A los seis días de vivir en casa de la Nieves la comadre suya me avisó que a la mañana siguiente iban a trasladar a los presos a Sevilla; yo iría a caballo con el sargento.

Efectivamente; antes de las siete se presentó la escolta a la puerta de la cárcel. Sacaron de ella unos ochenta presos, cincuenta milicianos y soldados prisioneros del Trocadero, y el resto, de delitos comunes.

El comandante de realistas y la comadre de la alcaidesa vinieron a saludarme, y la Nieves me abrazó casi llorando.

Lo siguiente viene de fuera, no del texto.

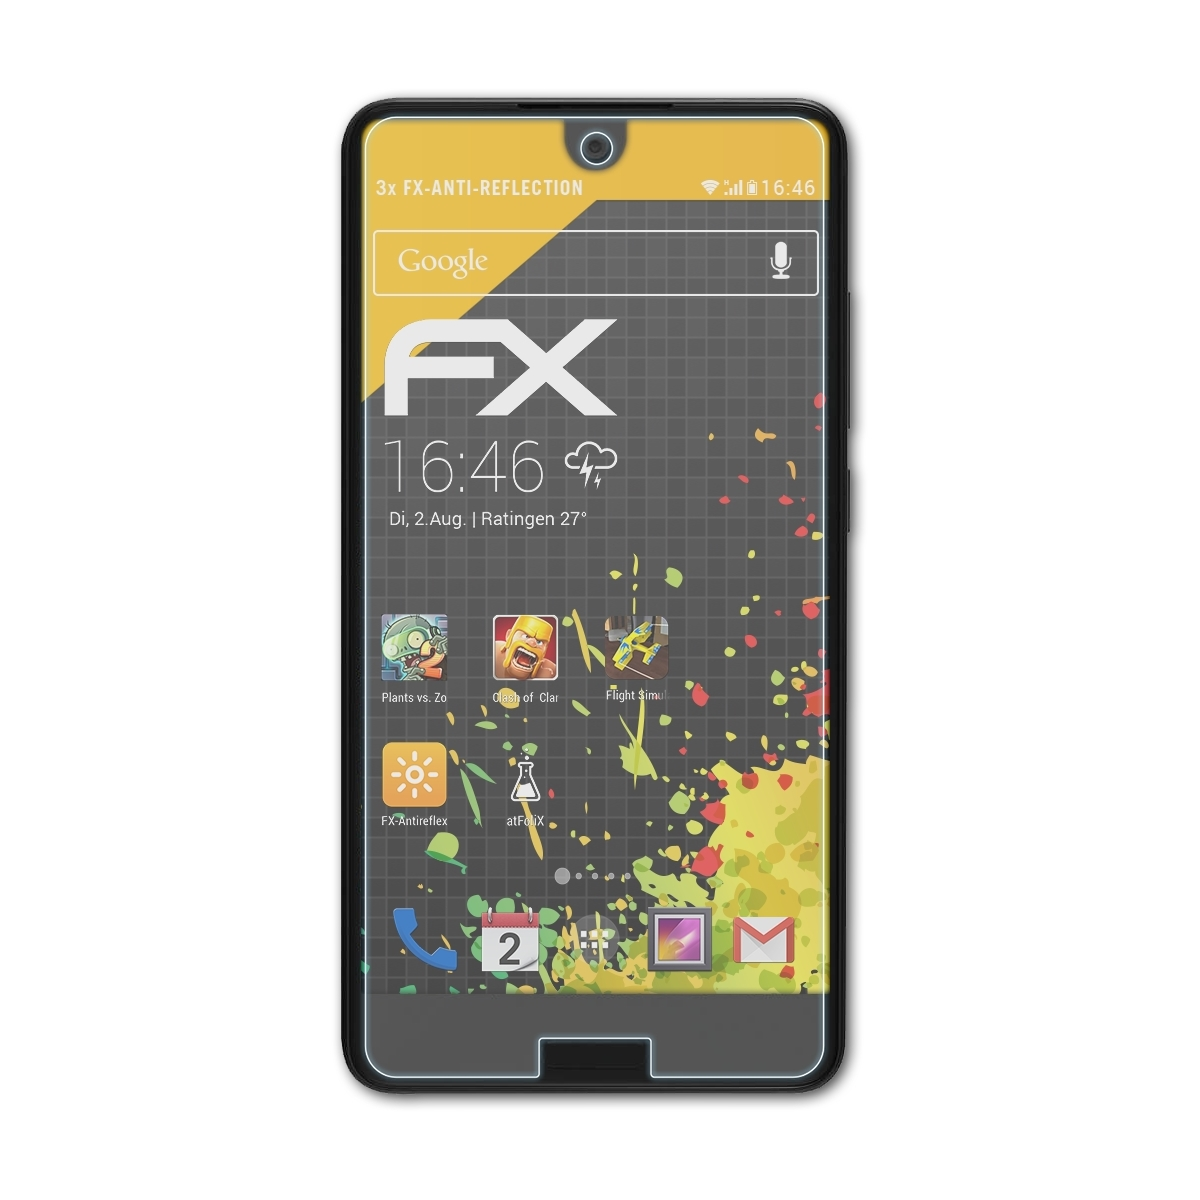 ATFOLIX 3x FX-Antireflex Aquos Displayschutz(für Sharp C10)

Subí a mi caballo, y al lado del sargento, que montaba una linda jaca cordobesa, salimos del pueblo.

Llegamos a las tres horas a una venta del camino entre Sanlúcar y Trebujena y se detuvo nuestra comitiva. A los presos de delitos comunes se les metió en un corral, debajo de un cobertizo; a los políticos se les llevó a una cuadra, y nosotros, el sargento y yo, quedamos en el ventorro.

Entramos en la cocina, que era enorme, y hablamos con la ventera. Nos dijo que si no queríamos esperar podía darnos al momento una sopa, un puchero, una cazuela de arroz con conejo, un plato de callos y ensalada.

—¿Qué le parece a usted? —me preguntó el sargento.

—Que luego es tarde, como decía mi patrona.